Thread

  1. contrib/pg_stat_tcpinfo

    Jakub Wartak <jakub.wartak@enterprisedb.com> — 2025-11-03T14:09:17Z

    Attached is pg_stat_tcpinfo, an heavy work in progress, Linux-only
    netstat/ss-like extension for showing detailed information about TCP
    connections based on information from the kernel itself. It's the
    result of some frustration and some corridor talks during recent
    PgConfEU, where we agreed with Andres that it would be cool to have
    this in core to support and resolve problems much more quickly (in
    spite of this being a Linux-only extension for a start).
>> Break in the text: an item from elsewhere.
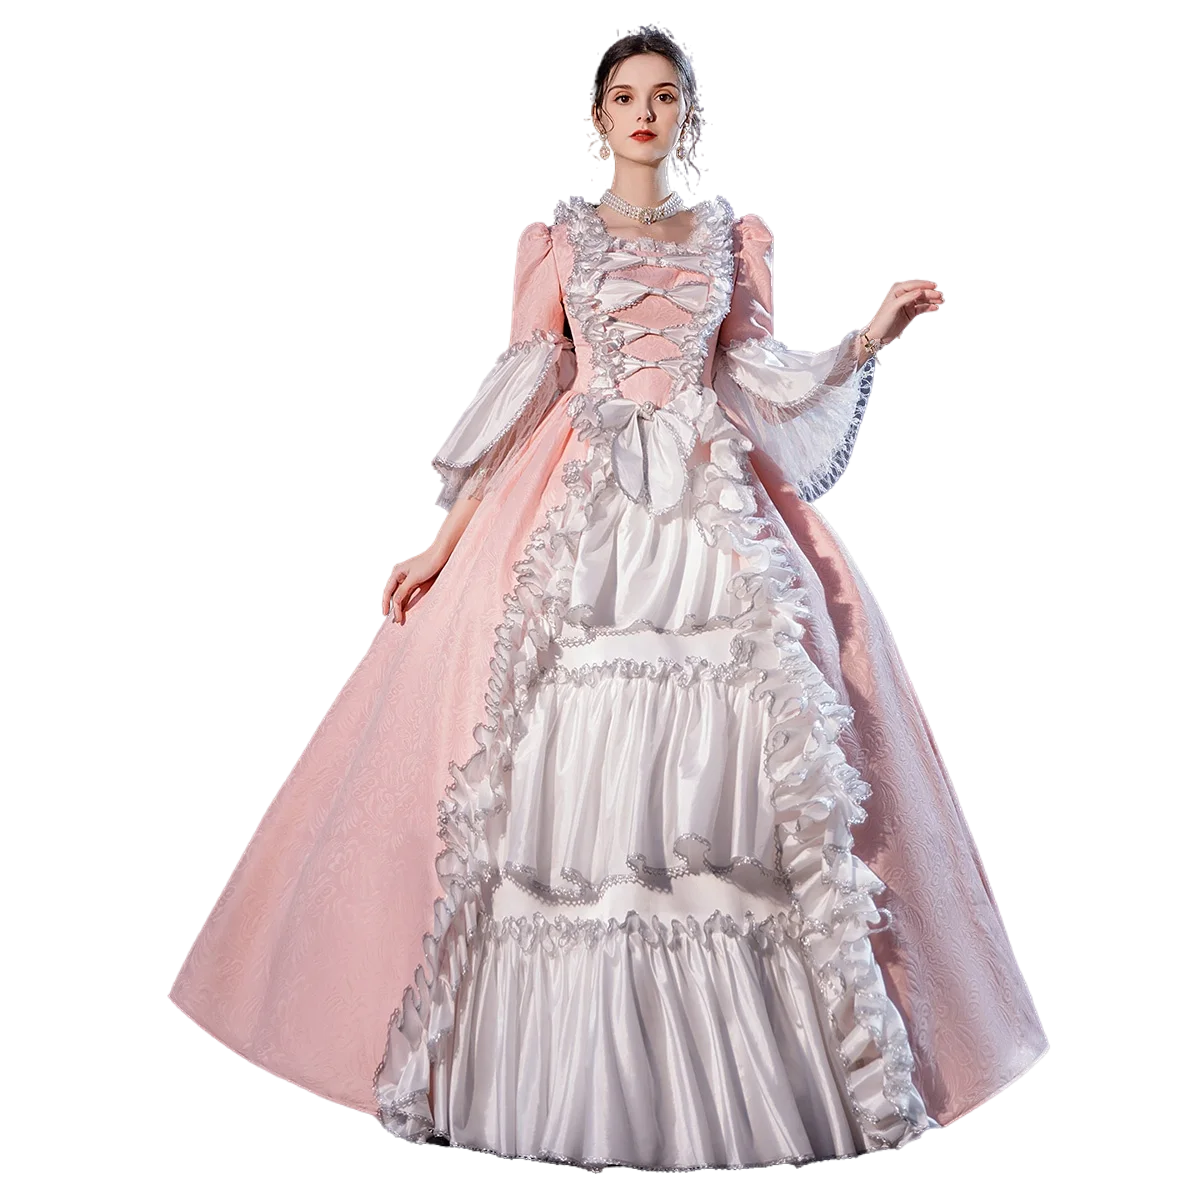 

Бальное платье 18-го века в стиле рококо, бальное платье в стиле барокко, Мария-антонетт, исторический период, Викторианского эпохи, эпохи Воз...

As it stands
    it can help troubleshooting advanced performance problems like:
    * basic connection problems (e.g. imagine being able to see that
    postgres_fdw PID is stuck in SYN_SENT)
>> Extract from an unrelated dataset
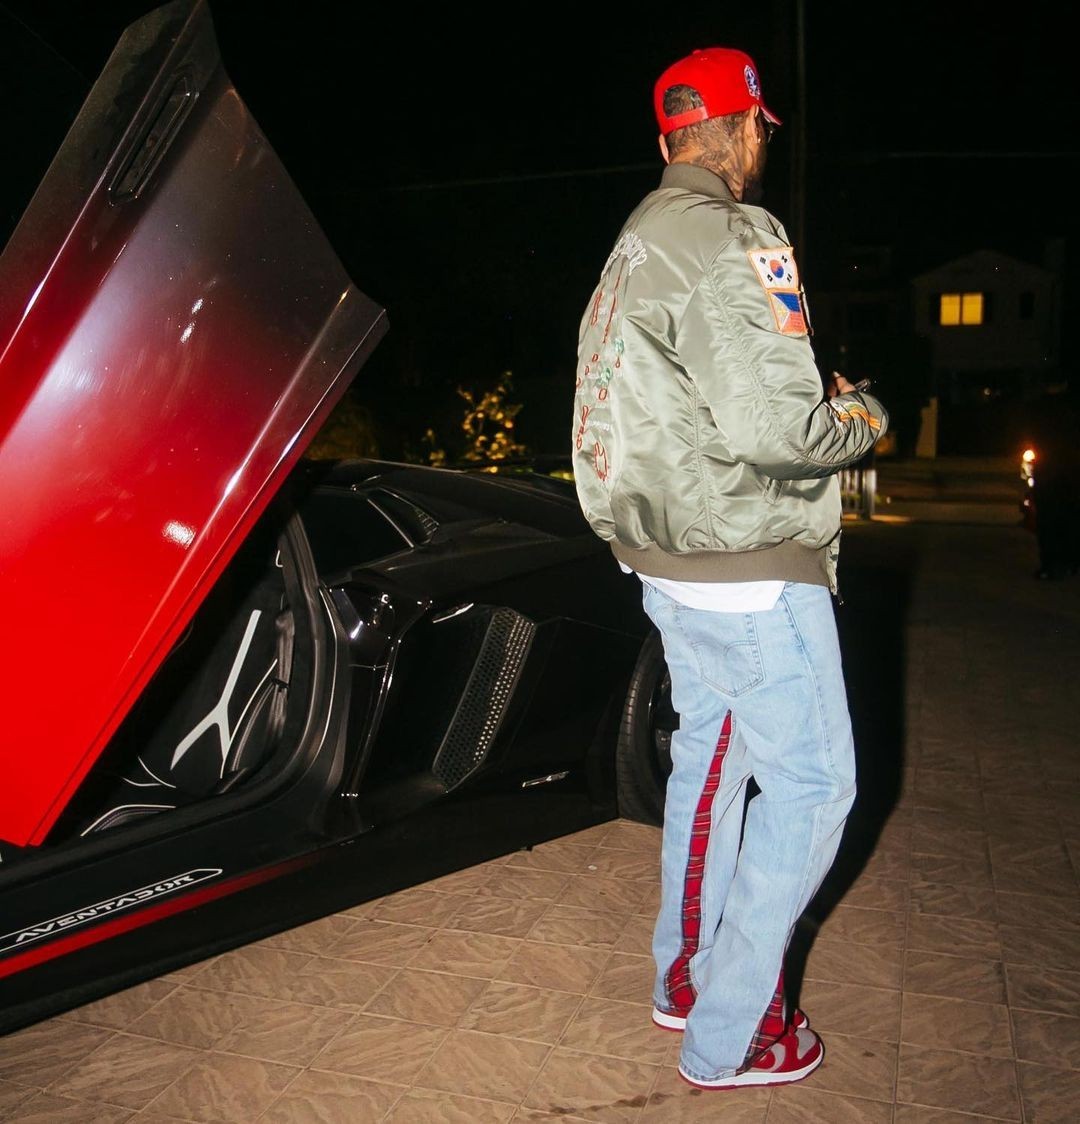 Chris Brown Shows Off $39,000 Louis Vuitton Airplane Bag

    * bandwidth problems where [logical/physical] replication and/or
    backup (pg_basebackup) are not keeping up due any of the above: full
    sendQ/recvQ, random packet drops on connection, too high RTT (WAN),
    network jitter, etc.
    * tracking down reasons for stuck or reset-by-peer TCP connections due
    to wrongly firewalls silently killing idle connections (it's visible
    via not TCP keepalive not being activated in time, and later stuck in
    timer retransmits)
    * high latency outliers for SyncRep too (e.g. via
    lastsnd/lastrcv/lastack timers)
    * probably some more
    
    One could argue that while netstat/ss provide the necessary
    information, it's often much harder than necessary to combine the
    information with postgres information (like which connections are for
    replication, wait events, correlation to other DB activity). The idea
    is to have it in core, so it's available always.
    
    Sample use (psql issuing COPY to postgres_fdw to the same DB over
    127.0.0.1 -- 3 connections are visible: 1 for postgres_fdw itself, and
    two sides of the network socket [this happens only on localhost])
    
    postgres=# select
        pid, application_name, substring(query,1,40) q,
        wait_event, src_addr, src_port, dst_addr, dst_port,
        recvq, sendq,
        t.state, tcpinfo->>'rtt' as rtt, tcpinfo->>'rwnd_limited' as rwnd_limited,
        pg_size_pretty(cast(tcpinfo->>'delivery_rate' as bigint)) as
    peak_delivery_rate,
        substring(tcpinfo::text,1,64) || '...' as substr
    from pg_stat_get_tcpinfo() t join pg_stat_activity a using (pid)
    where
        t.state ='ESTABLISHED' and pid <> pg_backend_pid();
      pid  | application_name |                    q                     |
         wait_event      | src_addr  | src_port | dst_addr  | dst_port |
    recvq | sendq |    state    |  rtt  | rwnd_limited |
    peak_delivery_rate |                               substr
    -------+------------------+------------------------------------------+----------------------+-----------+----------+-----------+----------+-------+-------+-------------+-------+--------------+--------------------+---------------------------------------------------------------------
     81279 | psql             | COPY (SELECT bindata FROM fdw_bandwidth_ |
    PostgresFdwGetResult | 127.0.0.1 |     1234 | 127.0.0.1 |    52612 |
      0 |     0 | ESTABLISHED | 5.092 | 0            | 422 MB
    | {"ato": 40000, "rto": 206000, "rtt": 5.092, "lost": 0, "pmtu": 6...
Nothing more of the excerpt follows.